Why the Clouds of Suspicion? - Data Protection and Cloud Computing
Data protection and privacy are often presented as being key risks where personal information relating to individuals ('personal data') is to be stored in a cloud.
Many column inches have been written on the topic of cloud computing. The consensus among most experts is that there are considerable benefits to be derived from using 'pools' of interconnected servers, storage and platforms to deliver internet-based computing services that are flexible, scalable and importantly, cost effective.
There is a 'but' and this takes the form of data protection. Data protection and privacy are often presented as being key risks where personal information relating to individuals ('personal data') is to be stored in a cloud. The EU Digital Agenda Commissioner, Neelie Kroes neatly summed up these concerns in her speech on November 25th 2010 at the University of Paris Dauphine, where she said that by "putting our personal data on remote servers, we risk losing control over that data". So is data protection the enemy of the cloud or are we instead a society of control freaks?
Control is an important data protection concept. Under EU data protection laws, a cloud customer is usually viewed as a 'data controller' where personal data is processed. This means that they bear the legal responsibility for how that data is handled.
As a data controller a cloud customer must ensure, among other things, that any processing of personal data is secure, even where that processing is carried out on its behalf by a cloud provider. A cloud customer is also prevented from transferring that data outside of the European area unless the destination country and the circumstances of the transfer provide an adequate level of protection for the data.
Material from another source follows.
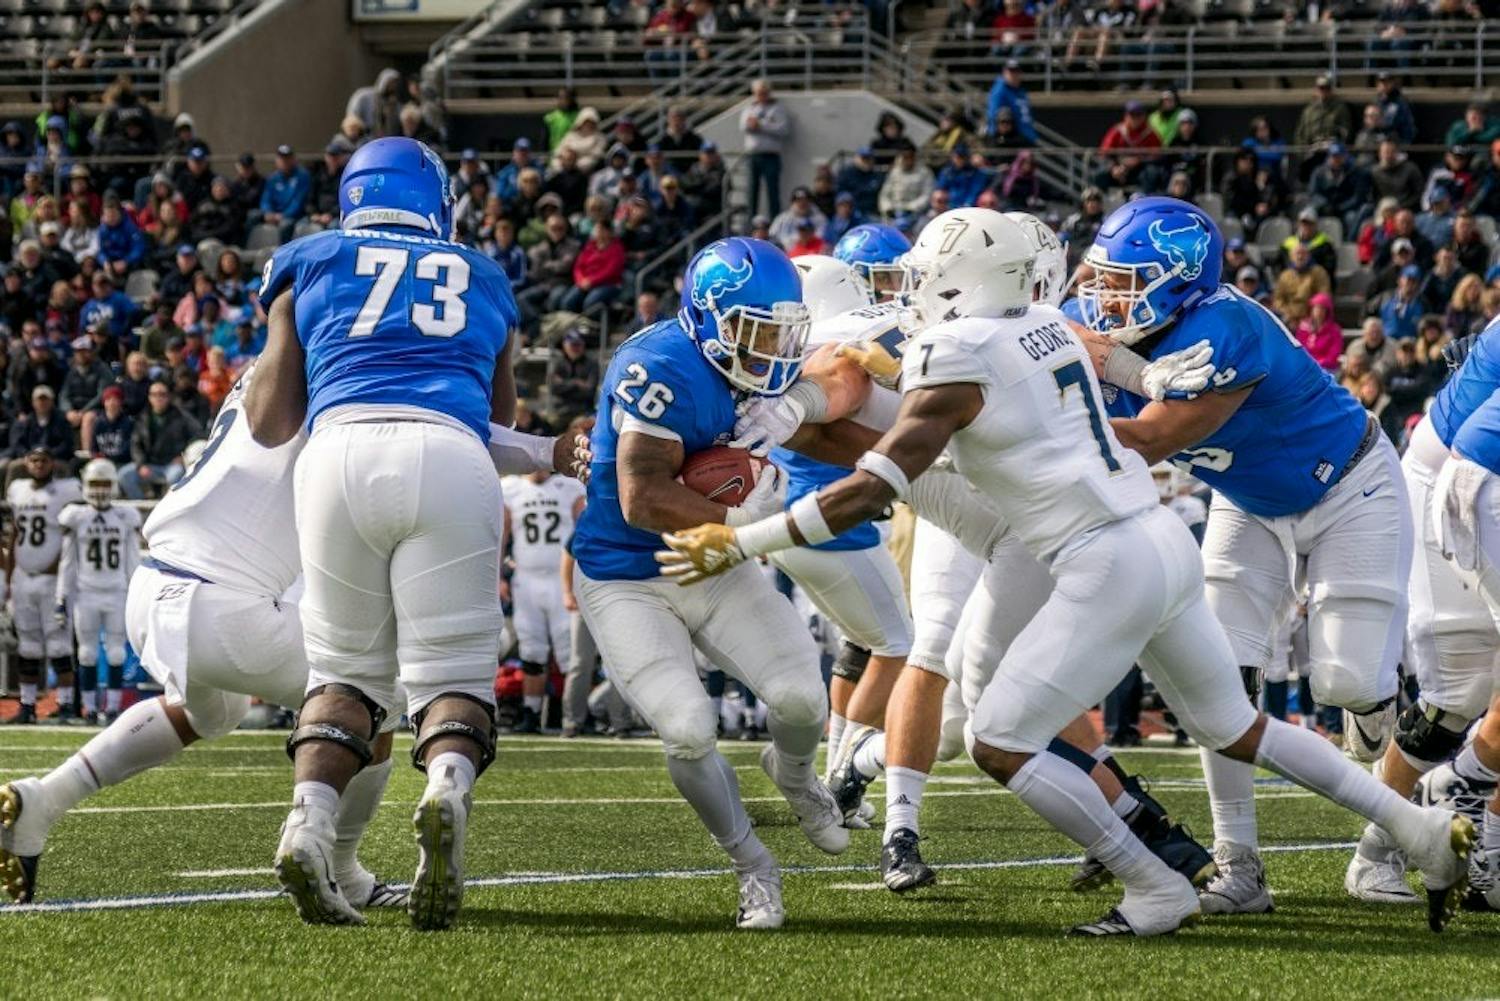 Jaret Paterson of UB Football in action during a game last fall.&nbsp;

In order for the cloud customer to exert 'control' over the processing of the personal data it places in the cloud, it needs to know who, from a profusion of providers, is processing its data and where the processing is taking place. Due to the ever-changing nature of the cloud, where data storage can shift with available capacity, this can may prove quite a task.
These risks are not however insurmountable provided for example that:
- a prospective customer thinks hard about which data it plans to place in the cloud;
- a thorough risk assessment is made of all prospective suppliers, the location of the cloud and in particular of their security and disaster recovery controls;
- customers enter into written contracts with their cloud providers which ensure the cloud providers act only on the instructions of the customer and apply a high level of security to the data; and
- customers place encryption around any personal data they place in the cloud to limit the risk of unauthorised access to or exposure of the data.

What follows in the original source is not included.